Result[0] = 0.999756
Result[1] = 0.706934
Result[2] = 0.577209
Result[3] = 0.499878
Result[4] = 0.447104
Result[5] = 0.408149
Result[6] = 0.377872
Result[7] = 0.353467
Result[8] = 0.333252
Result[9] = 0.316151
Result[10] = 0.301470
Result[11] = 0.288605
Result[12] = 0.277282
Result[13] = 0.267196
Result[14] = 0.258136
Result[15] = 0.249939
Result[16] = 0.242469
Result[17] = 0.235645
Result[18] = 0.229365
Result[19] = 0.223552

real	0m4.204s
user	0m4.196s
sys	0m0.007s

Starting calculation...
Result[0] = 1.000000
Result[1] = 0.707107
Result[2] = 0.577350
Result[3] = 0.500000
Result[4] = 0.447214
Result[5] = 0.408248
Result[6] = 0.377964
Result[7] = 0.353553
Result[8] = 0.333333
Result[9] = 0.316228
Result[10] = 0.301511
Result[11] = 0.288675
Result[12] = 0.277350
Result[13] = 0.267261
Result[14] = 0.258199
Result[15] = 0.250000
Result[16] = 0.242536
Result[17] = 0.235702
Result[18] = 0.229416
Result[19] = 0.223607

real	0m26.404s
user	0m26.360s
sys	0m0.033s

Update — 6 February 2012: On Sunday I wanted to see what would happen when I changed the code to work on 64-bit, double-precision floating-point numbers. While I saw the expected 4x speedup when operating on four 32-bit floats at once, I did not see the same 2x improvement with doubles. The SSE and no-SSE versions each took approximately 26 seconds. Why?
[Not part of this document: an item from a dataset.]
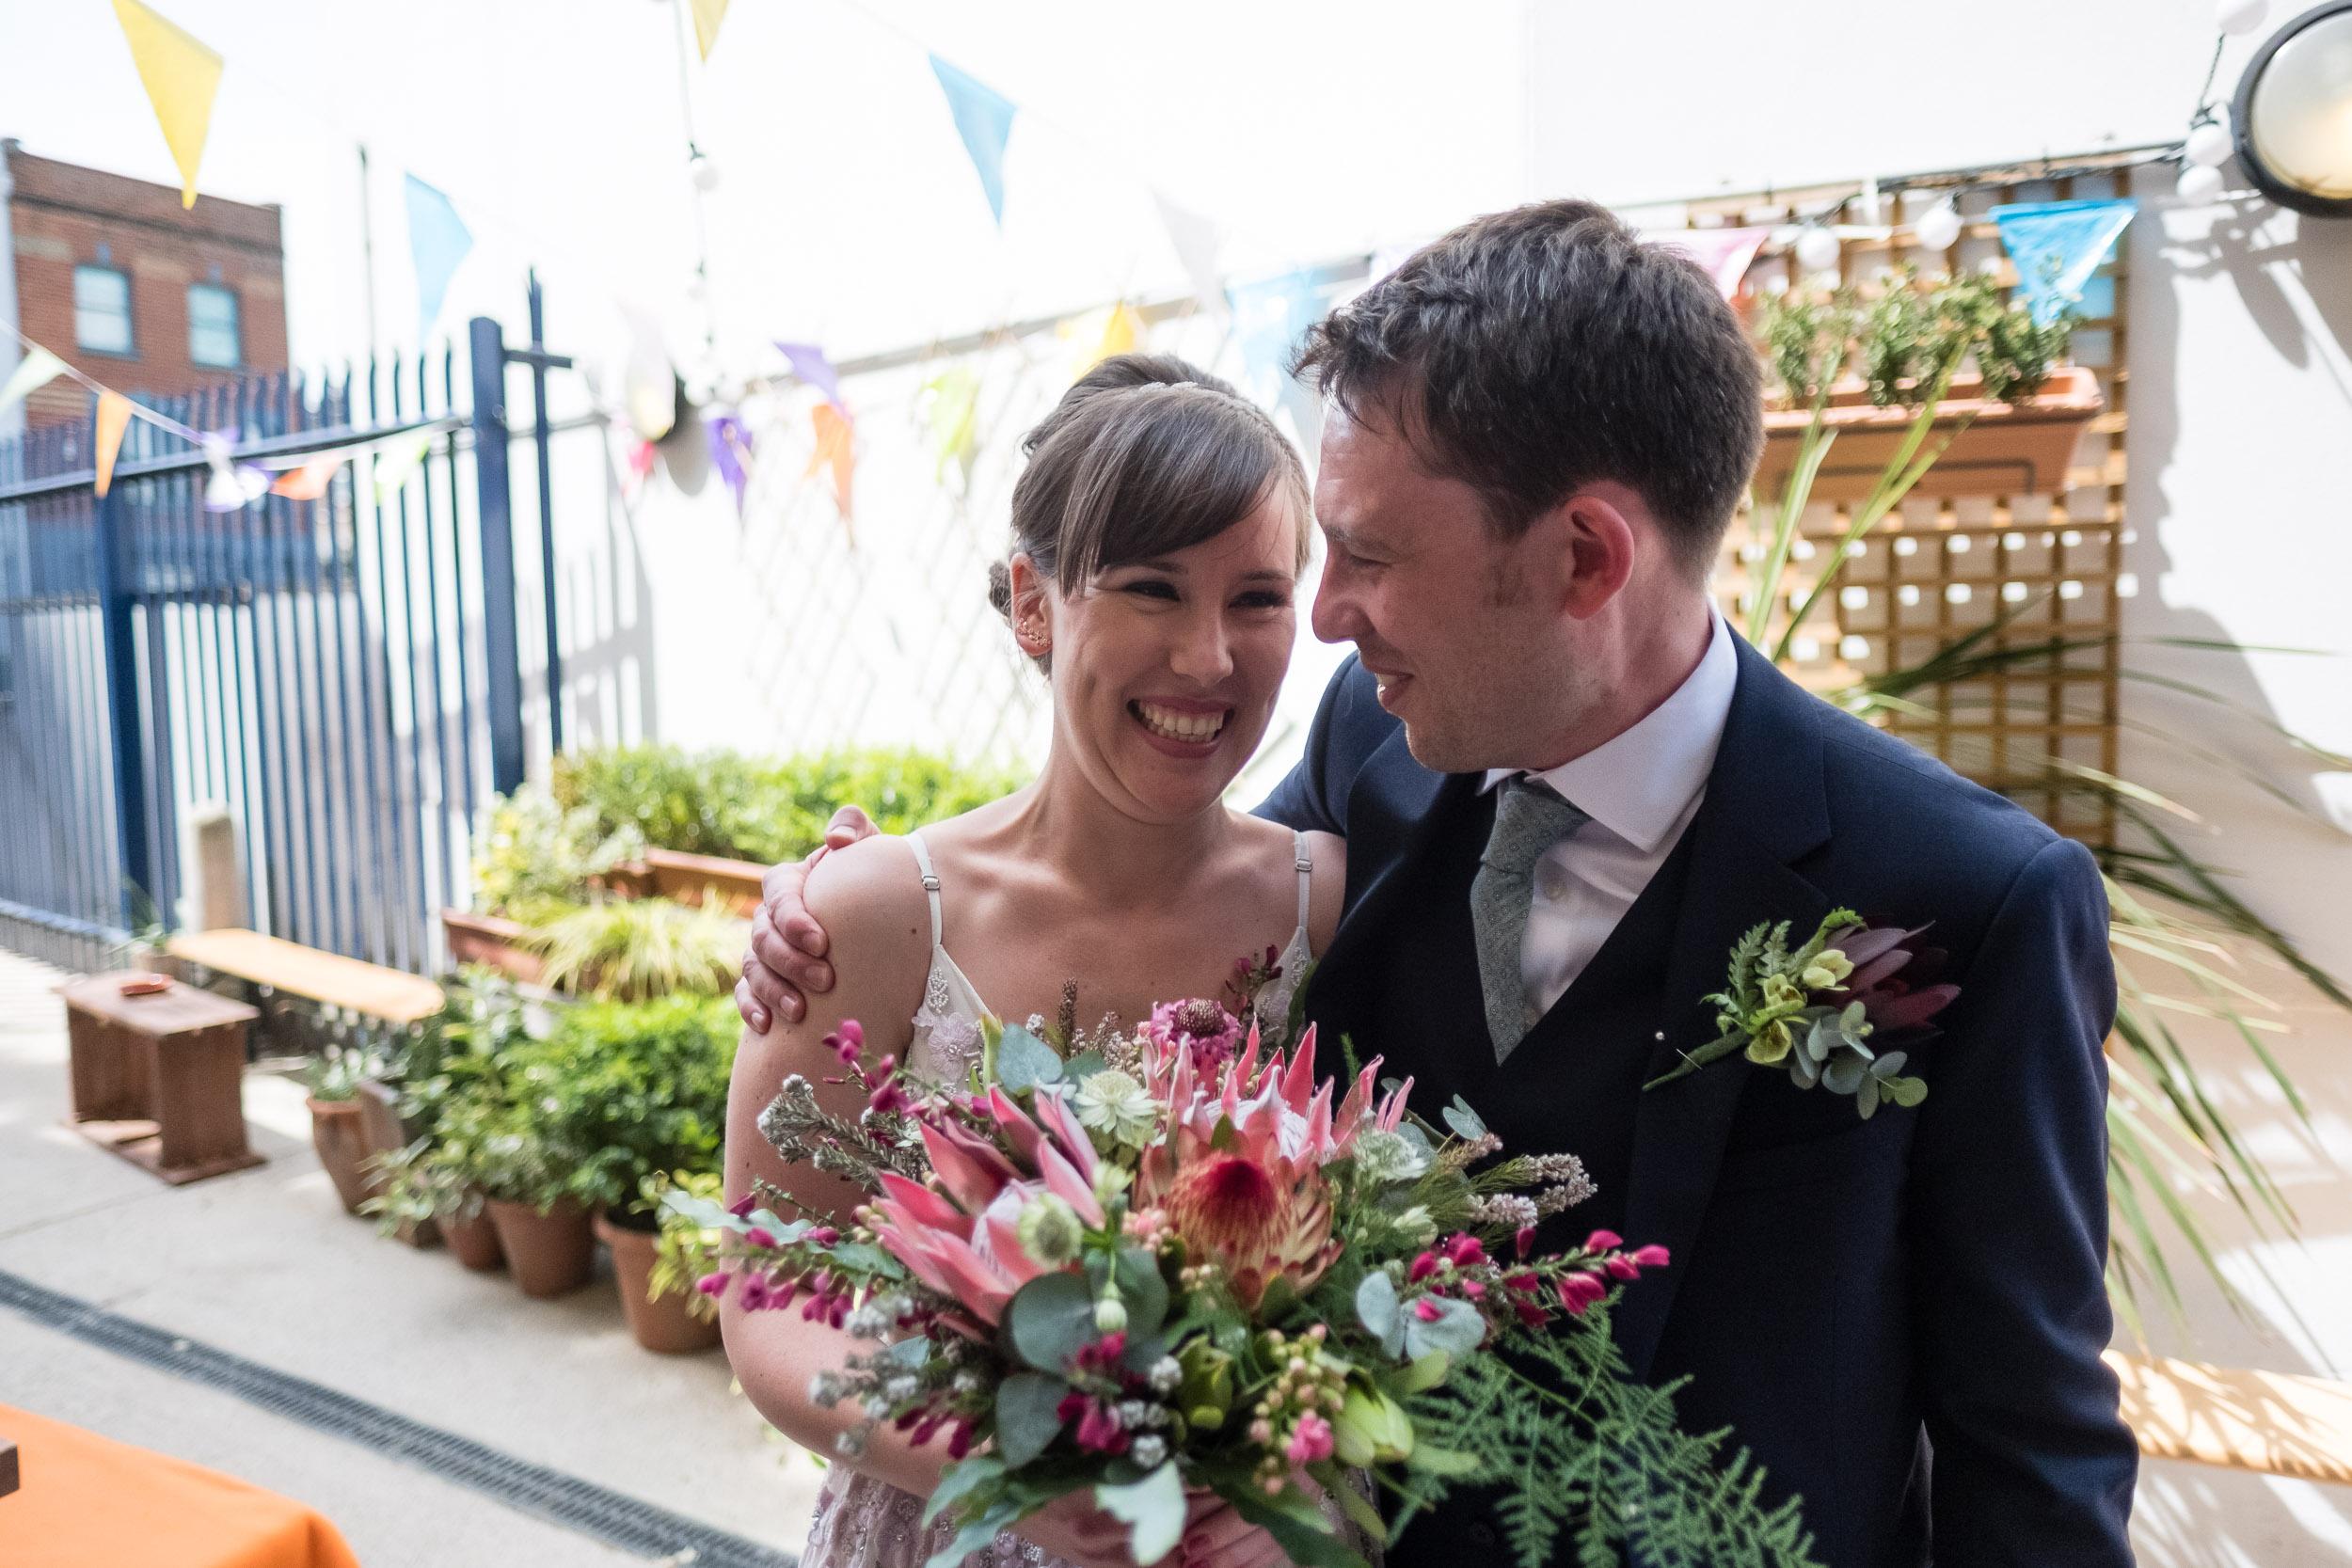 brockwell-lido-brixton-herne-hill-wedding-051.jpg

It’s either the processor or an OS issue. When I applied the same changes to the code at work, I saw not only a 2x speed up for doubles, I also got an almost 8x speed up for single-precision. That was surprising. When I looked at the differences between the Linux assembly of the “float” and “double” programs, the only things different were the obvious: minor array size and offset differences and the presence of the “_pd” versions of the routines instead of the “_ps” ones. This was similar to the differences I remember seeing when I compared assemblies built on my MacBook Pro.

The major differences between the two environments:

  • 32-bit MacOS 10.6 versus 64-bit Debian 6 Linux (running under VMware)
  • gcc 4.2.something versus gcc 4.4.5
  • An older Intel CoreDuo processor (ca. 2006) versus an 8-core 3.07 GHz Intel Xeon (late 2009)
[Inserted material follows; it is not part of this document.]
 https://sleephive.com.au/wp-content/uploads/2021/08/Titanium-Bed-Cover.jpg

Clearly streaming SIMD instructions make a difference for some types, but the effect is limited (or helped) by the processor that executes those instructions. (Of course, I still have to check that GCC or the OS aren’t part of the difference.
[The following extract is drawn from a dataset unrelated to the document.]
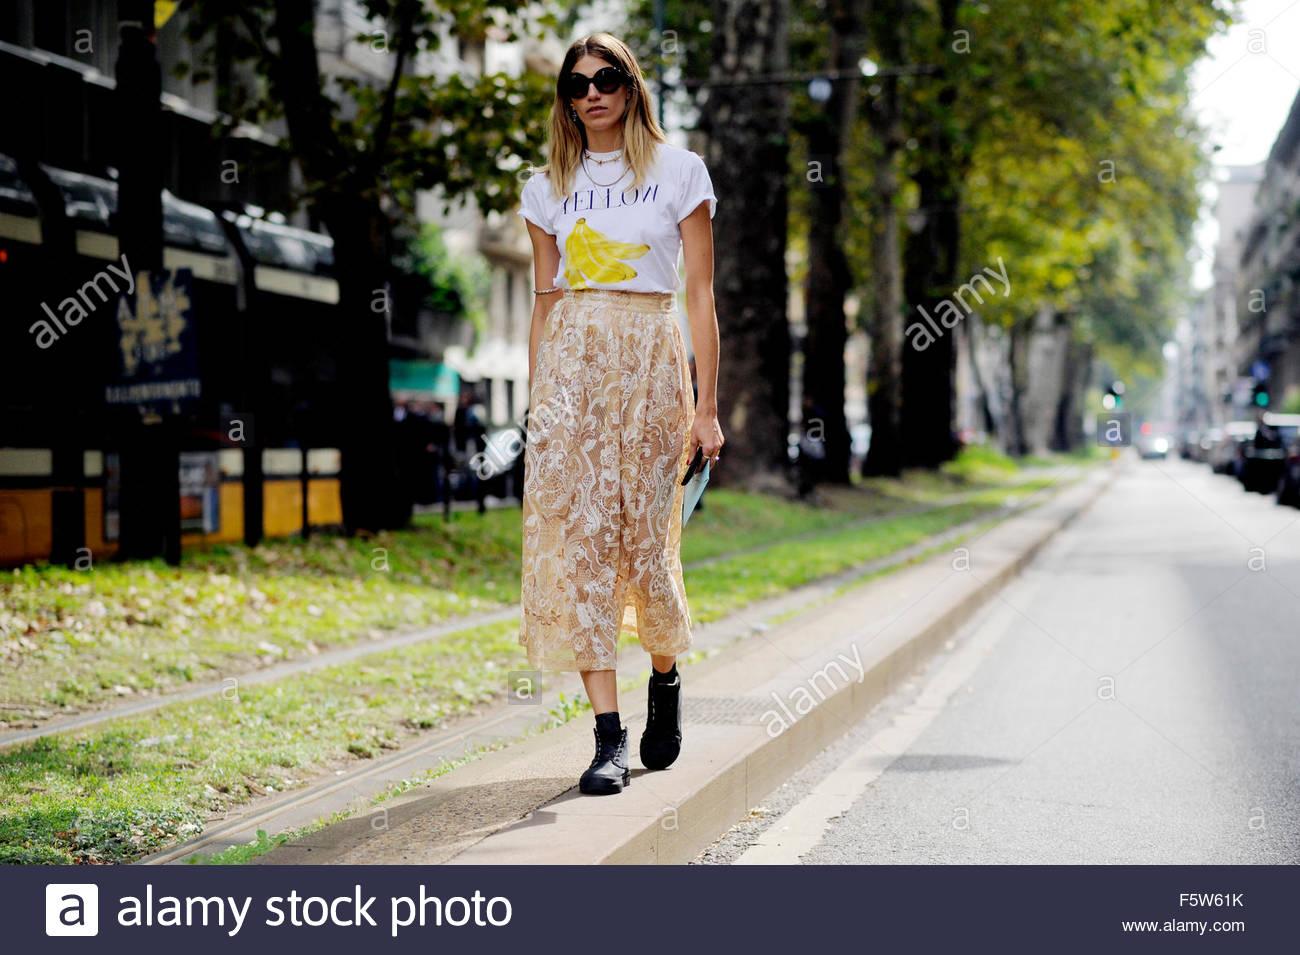 Veronika Heilbrunner On Viale Piave, after Dolce & Gabbana ready to wear Spring Summer 2016. Milan fashion Week - Stock Image

This entry was posted in Computing, Fodder for Techno-weenies, General. Bookmark the permalink.

One Response to An Experiment with SSE

  1. LiraNuna says:

    The SSE and no-SSE versions each took approximately 26 seconds. Why?

    There could be many reasons involved:
    * Register pressure (It takes x2 SSE registers for a 4d vector instead of one)
    * Single precession floats are more optimized than doubles
    * Your code may not use __m128d well (You did not post code, so I cannot judge)

    By the way, you can use the unified _mm_malloc to allocate aligned memory, it works on all compilers that support SSE intrinsics.